Practical state-machine runs on tokio

For the scientific workflow engine my team is developing, one of the core component is an abstraction for creating a state machine that operates on Python’s asyncio event loop to interact with remote HPC resources. While there are several design issues, they are not the focus of this post. Here, I’m simply sharing a practical implementation of a state machine that runs asynchronously on the Rust tokio runtime.

Interestingly, this turned out to be a fairly general pattern across different fields. I was working on it last week, and coincidentally, people were discussing a similar topic at the berline.rs meetup, where I shared this example.

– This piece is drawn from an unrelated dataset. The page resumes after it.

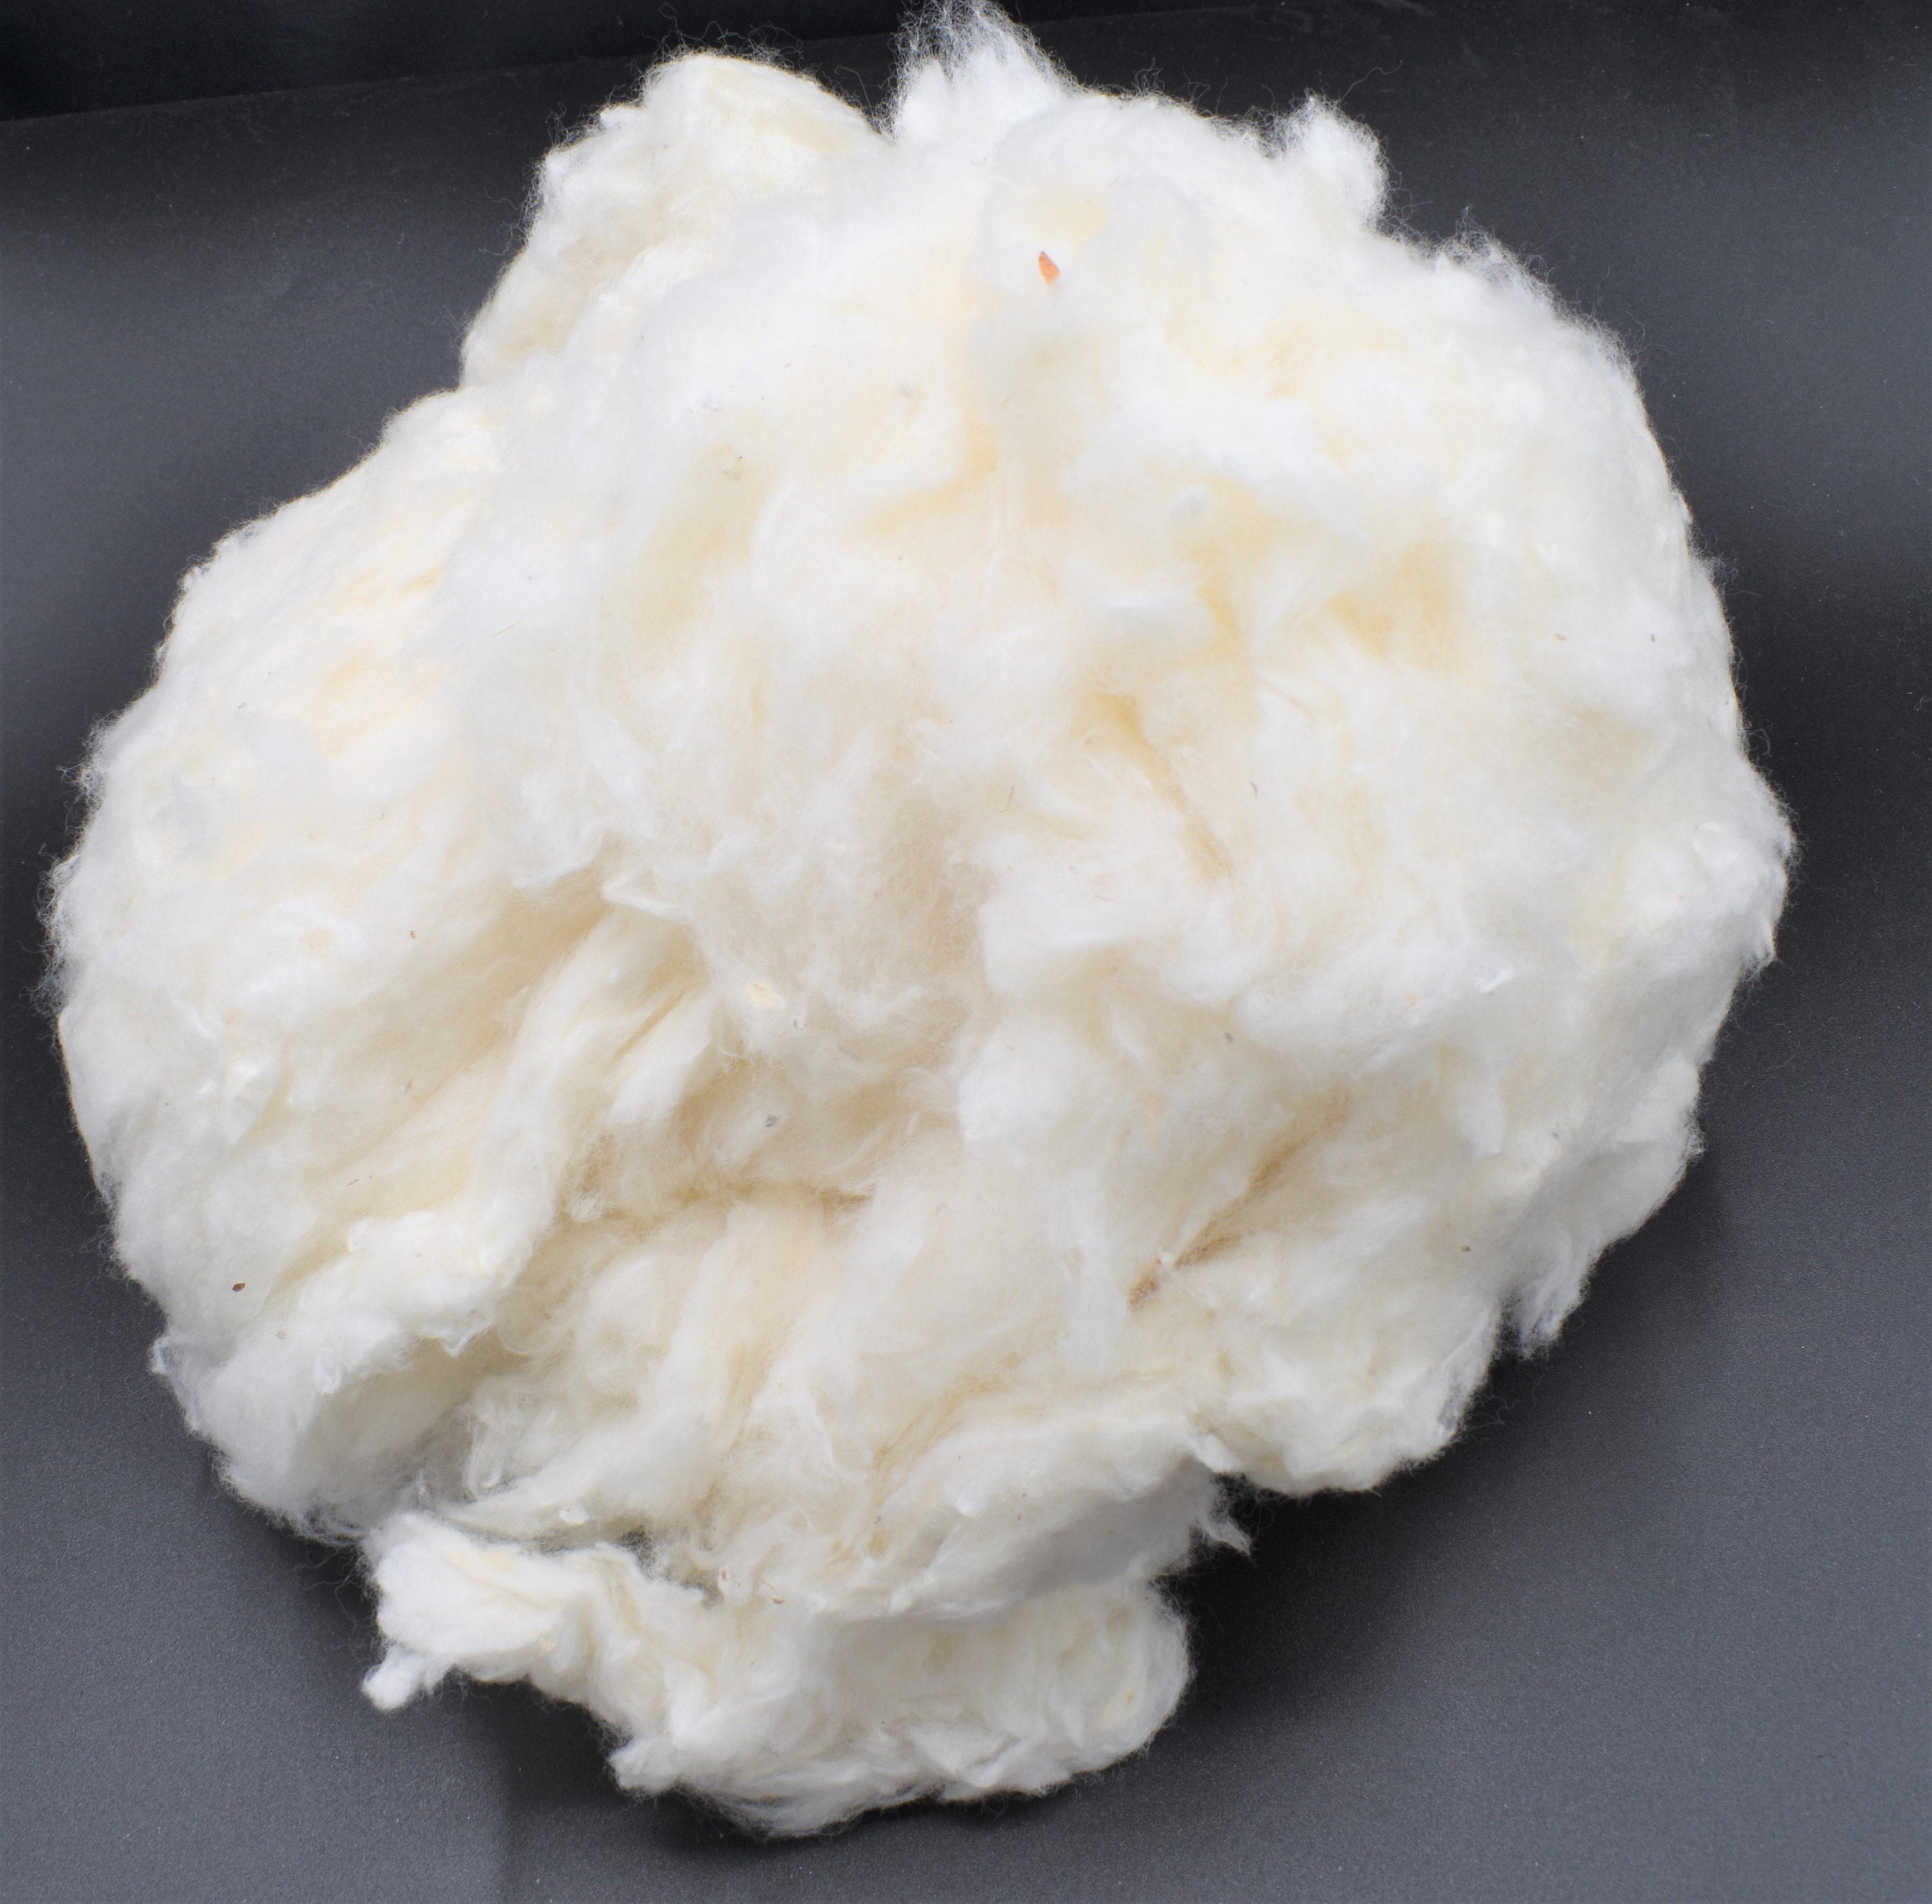 Raw Cotton Filler / Stuffing - 2 oz, 4 oz, 8 oz, 16 oz (Please

Since it’s just a prototype with no concrete implementation yet, I haven’t set up a repository but instead provided some code snippets along with explanations.

There are two nice articles worth to check about what can be a good state machine pattern in rust:

The Linux system itself operates as a state machine, where processes are scheduled and executed asynchronously. The tokio runtime can be seen as a state machine abstraction of this system-level state machine, managing task scheduling and the runtime calling poll to advance state transitions. For real-world applications, however, more specialized abstractions are required to effectively model domain-specific behavior.

The Process here is a state machine hold the state, and can change its state by transition_to call. Most importantly, every process has its own fate when things goes well it advanced to the final state. Life of the process may not always go smoth, the process may want to pause or even kill himself which is totally fine.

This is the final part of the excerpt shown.